Когда микрофон, потрескивая, снова оживает, он решает, что Марг необходимо предостеречь:
— Вы пожалеете, что пошли, мадам.
Глава 11
«Это ужасно, — думает Энни, дрожа на переносных напольных весах, пока медсестра проверяет, не засунула ли девочка какие-нибудь утяжелители в подол своего больничного халата из ткани в цветочек. До меня никому нет дела».
— Стой спокойно, — сердито говорит Преданная Летиция, легонько ткнув девочку.
«Если бы они вспомнили обо мне, они могли бы, по крайней мере, написать». Трудно стоять спокойно, когда внутри у тебя все переворачивается.
— Я стараюсь!
Сердце Энни, кажется, превратилось в кровоточащий кусок плоти; она в ужасе, ее все еще пошатывает от воспоминаний о том, как ее и другую раздетую девочку показывали друг другу. Она погибнет здесь, а родителям будет совершенно пофиг, ведь она для них умерла в тот момент, когда за ней закрылись двери фургона, типа того.
Они мрачно сказали ей:
— Тебе должно быть стыдно, — и какое напряжение читалось в их огорченных глазах и на каменных лицах.
А ведь они имели в виду: «Нам за тебя так стыдно».
Ее отправили в заточение собственные родители. Они выслали ее сюда и презирают ее. Видимо, близнецы тоже ее презирают, и ужаснее всего причина, из-за которой они так к ней относятся. Два года она, стремясь придать своему телу определенную форму, совершенствовала себя, пока наконец не достигла желаемого результата. Но теперь она теряет безупречность внешнего вида. Она толстеет!
«Что же такого ужасного в том, что я сделала? Я просто сбросила лишний жир! О боже, какой кошмар, я снова толстею».
— Отлично. Она прибавила полфунта! — медсестра с усилием разжимает плотно сжатые кулаки Энни, чтобы убедиться, что и там девочка не прячет грузики. — Стоит тебе только постараться, и к концу недели ты будешь весить девяносто фунтов, и это будет чудесно, правда?
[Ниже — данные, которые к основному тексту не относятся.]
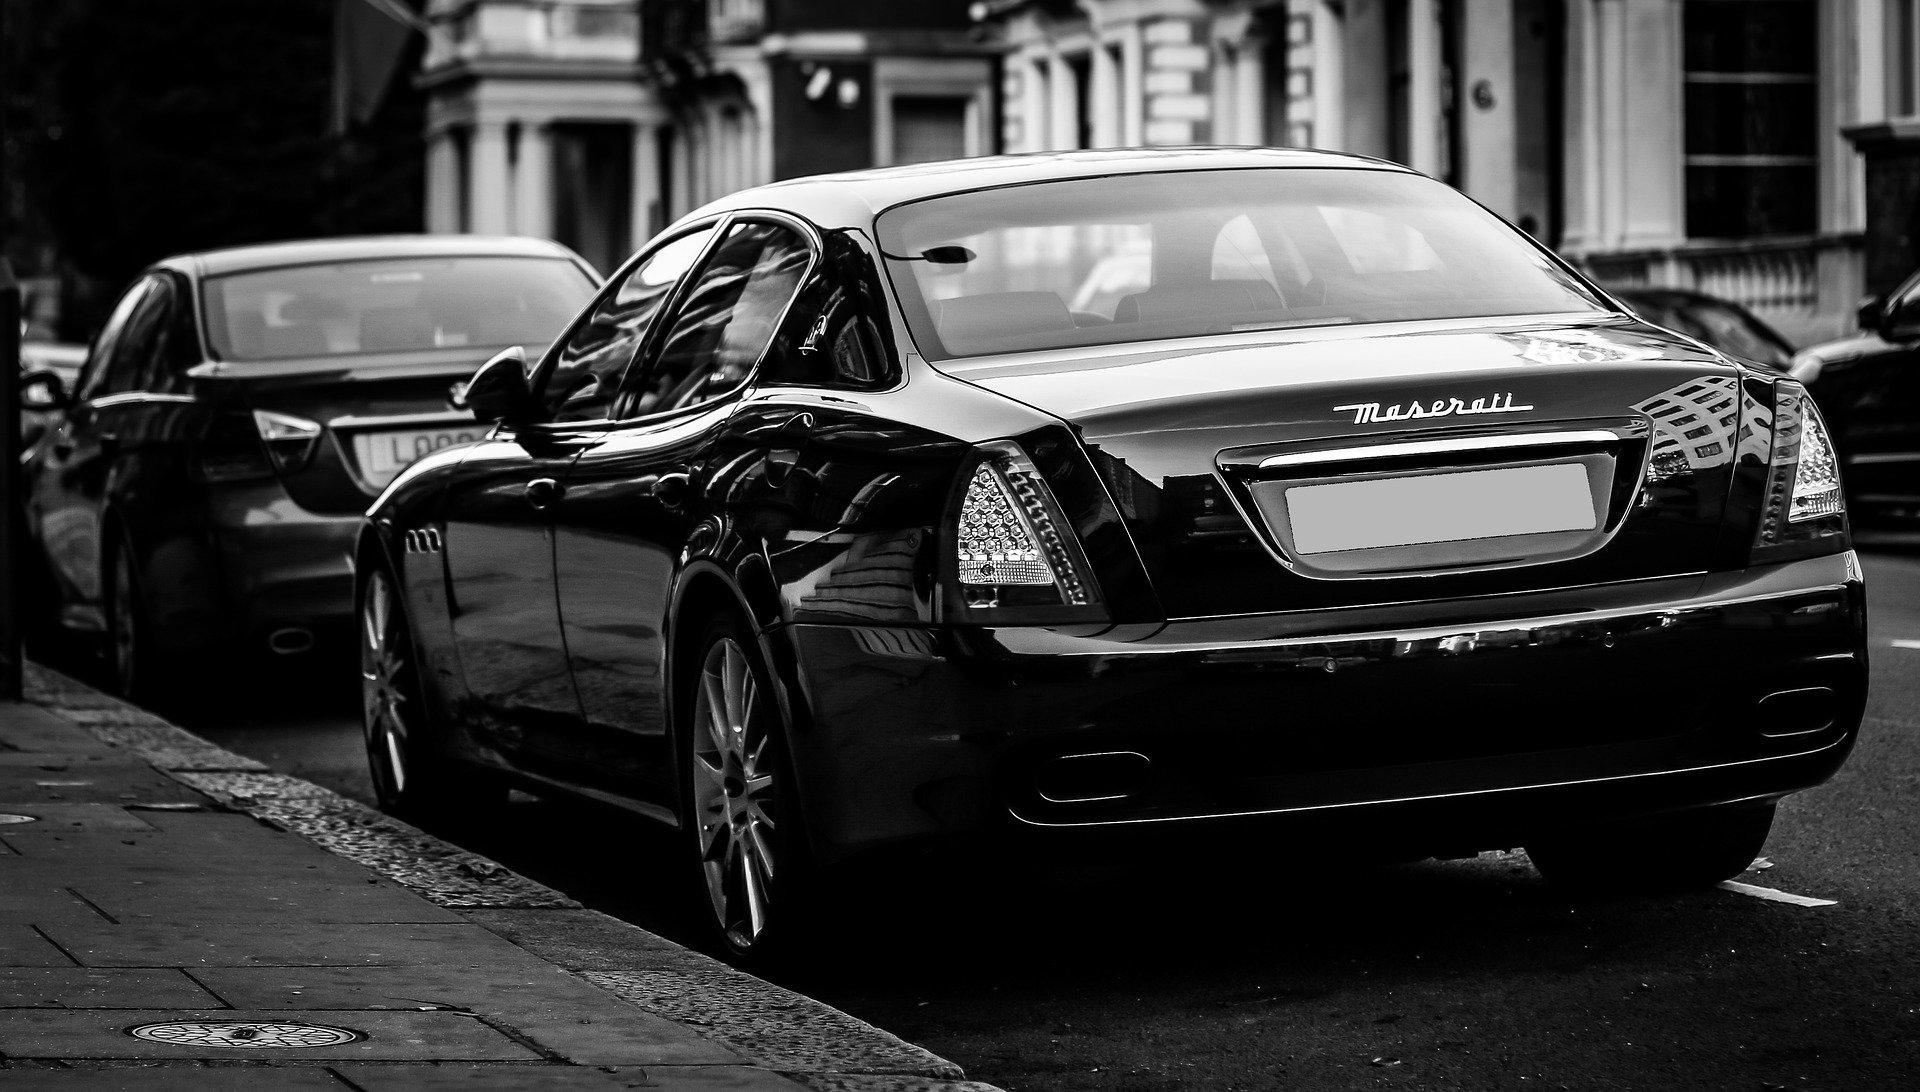 Luksusowe auto bez polskich tablic rejestracyjnych, ale z polską akcyzą

Нет! Энни смотрит на цифру, появившуюся на экране, и думает: «Отстой!» Даже если не учитывать вес воды, которую она выпила перед взвешиванием, чтобы обмануть опытную Летицию, все равно она действительно набирает вес. Медсестра не уйдет, пока Энни не согласится, что это чудесно, поэтому она слабым голосом отвечает:
— Наверное.
— А мы с тобой знаем, что случится, когда мы наберем девяносто фунтов, правда? — Самая невыносимая Преданная Сестра, Летиция, задает этот вопрос фальшивым тоном, надеясь воодушевить Энни. — Мы получаем право смотреть телевизор, и мы ведь помним, что будет, когда наш вес превысит сто фунтов?
Лучше умереть.
— Нас официально признают толстыми?
На бугорке подбородка у Летиции колышется туда-сюда длинный тонкий волосок.
— Ты что, ничему не научилась, когда вам, голым, устроили очную ставку?